> Work instruction
Give all of the listing again word for word, with images excluded.

> Exercise data
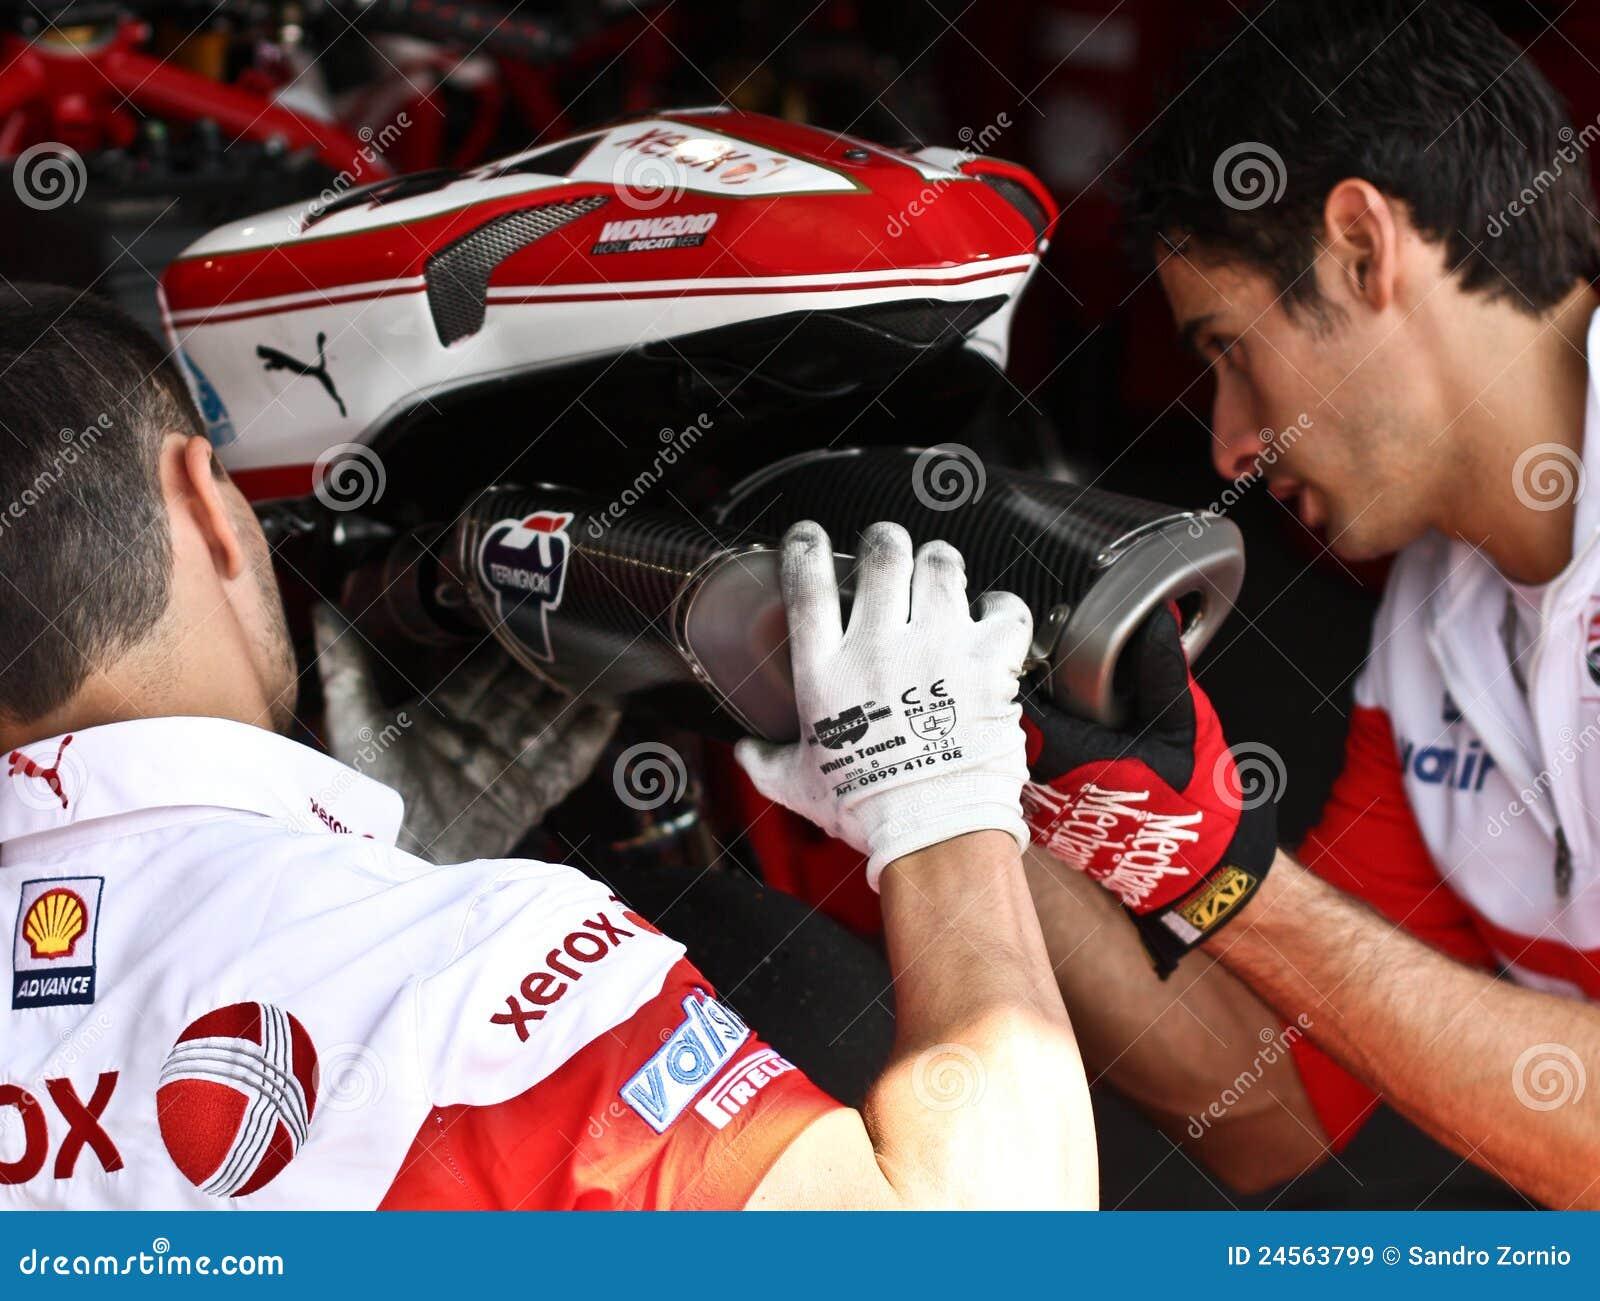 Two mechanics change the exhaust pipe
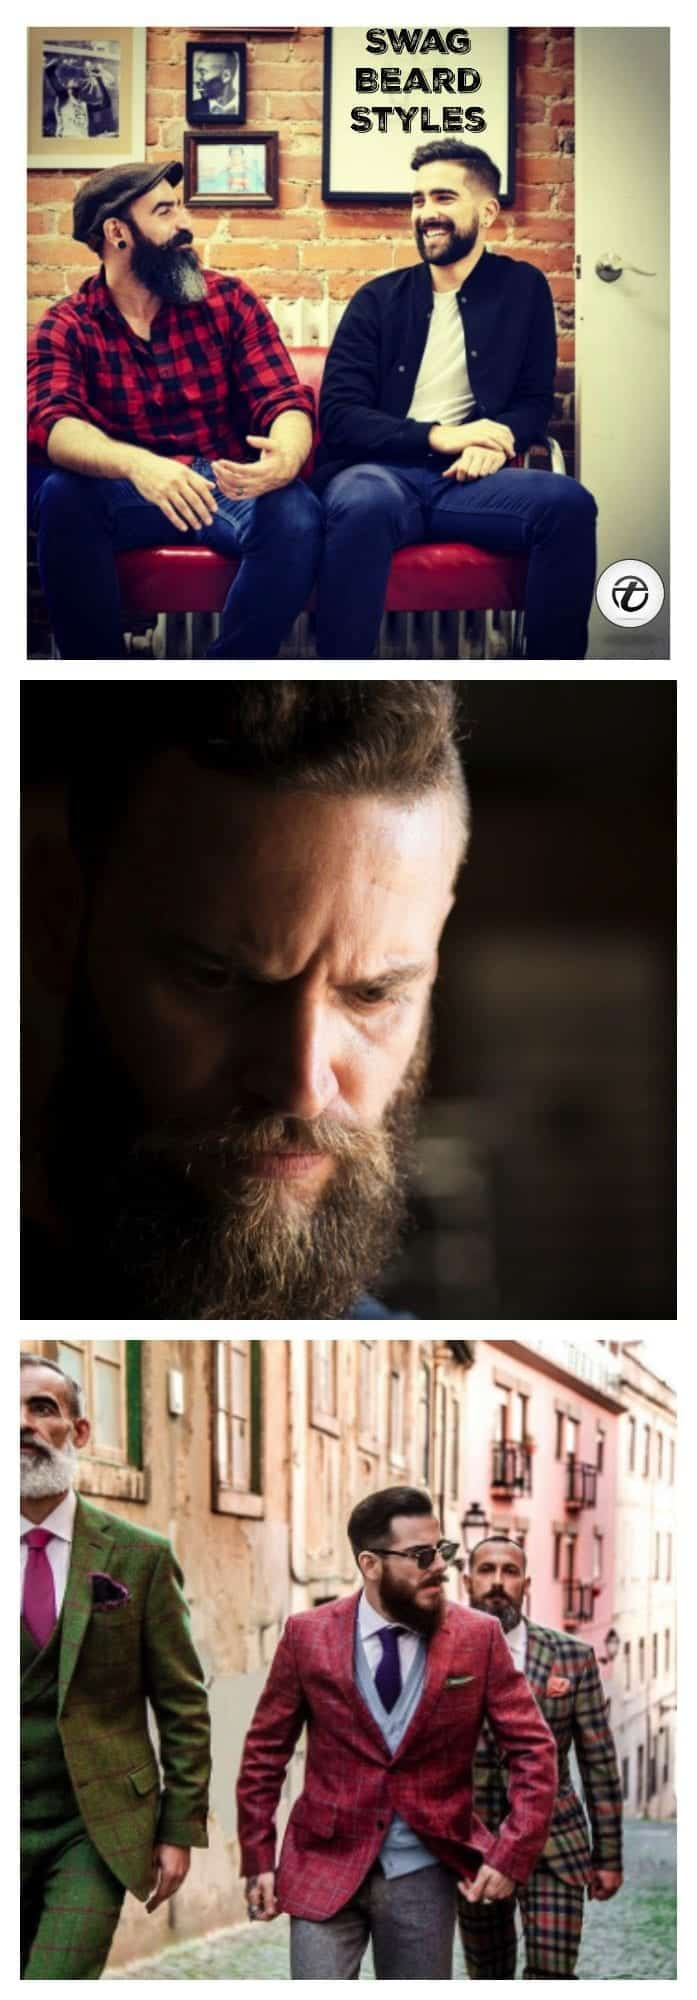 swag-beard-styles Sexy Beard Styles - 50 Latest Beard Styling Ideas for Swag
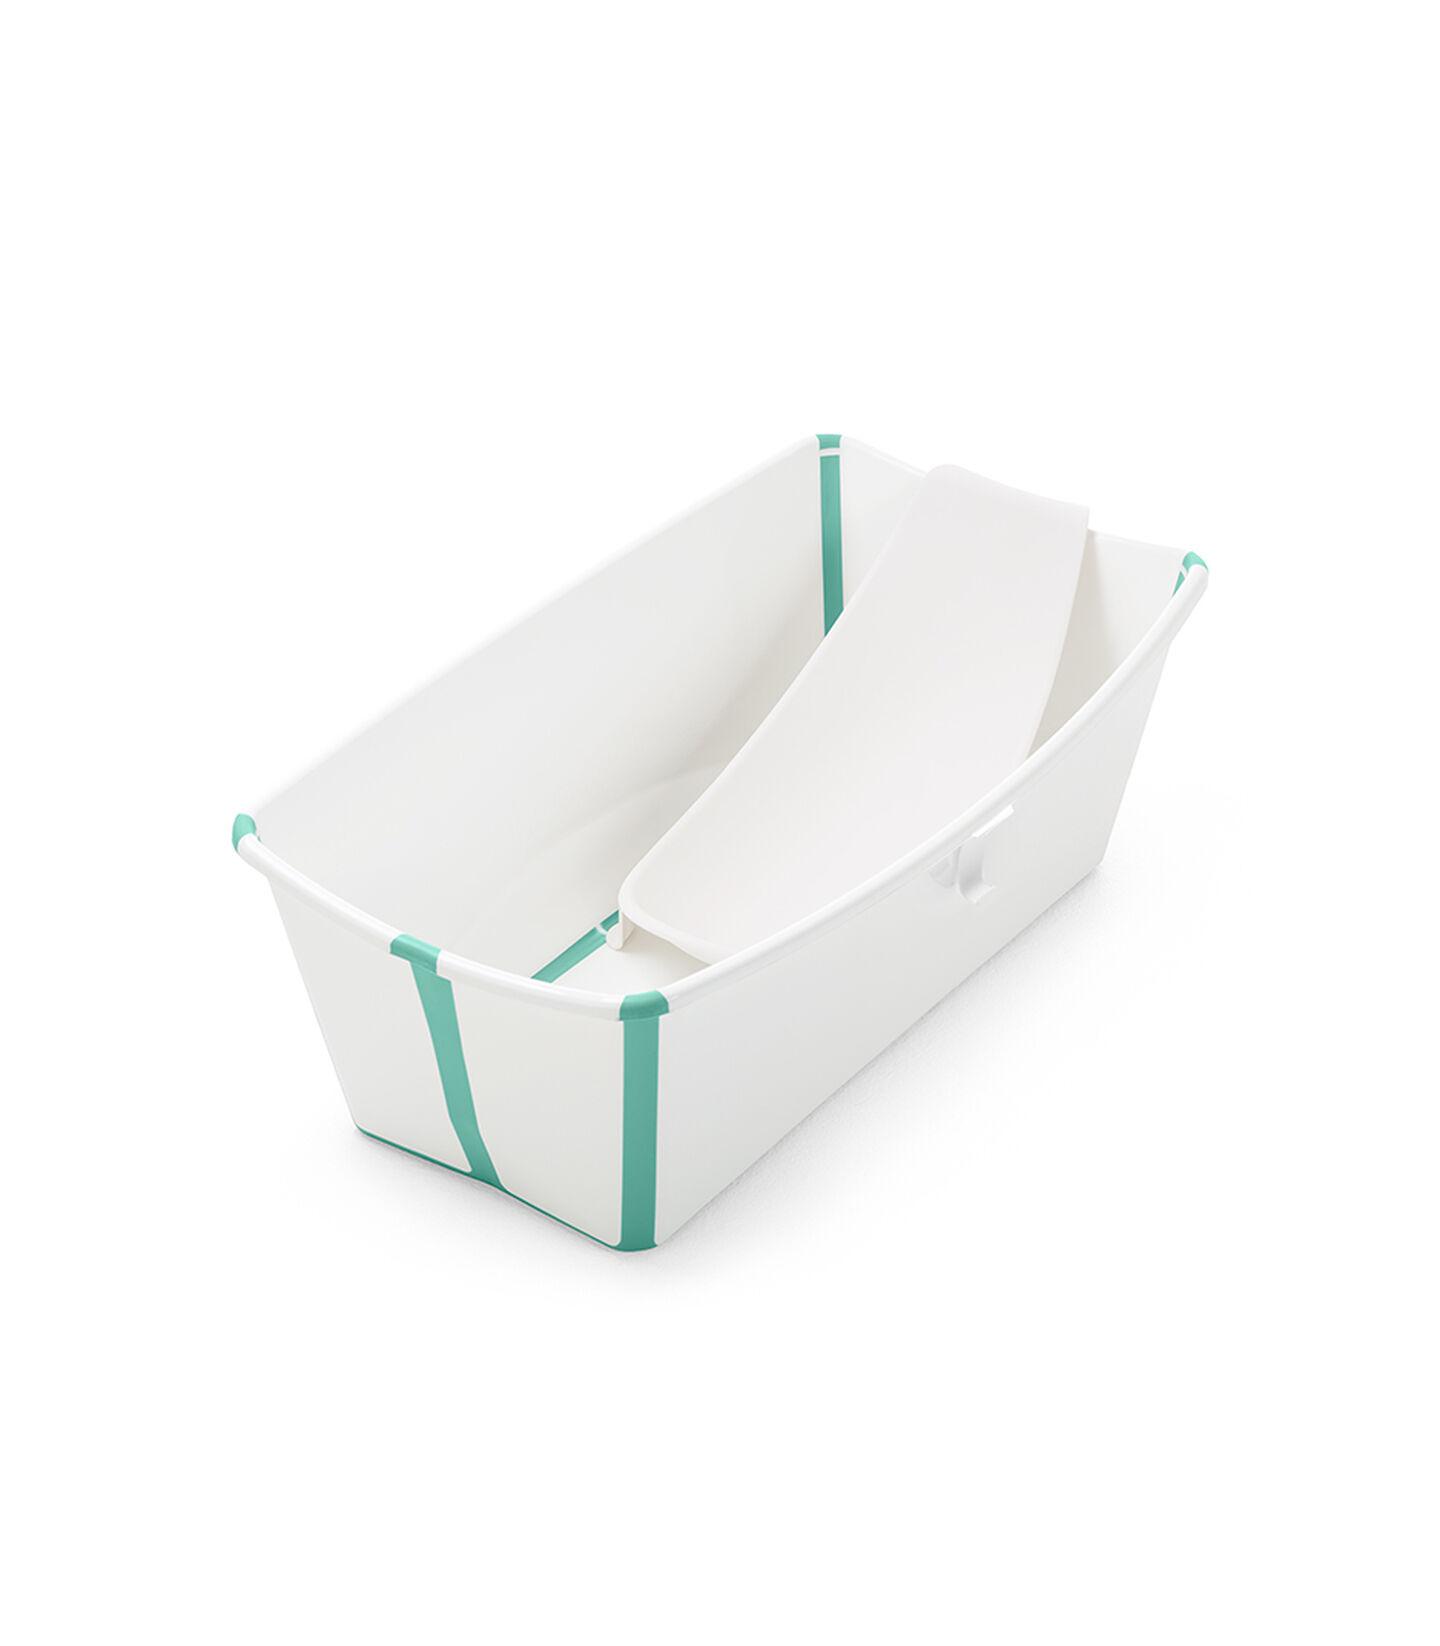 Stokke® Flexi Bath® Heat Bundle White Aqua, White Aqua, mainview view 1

> Exercise answer
 Two mechanics change the exhaust pipe
 swag-beard-styles Sexy Beard Styles - 50 Latest Beard Styling Ideas for Swag
 Stokke® Flexi Bath® Heat Bundle White Aqua, White Aqua, mainview view 1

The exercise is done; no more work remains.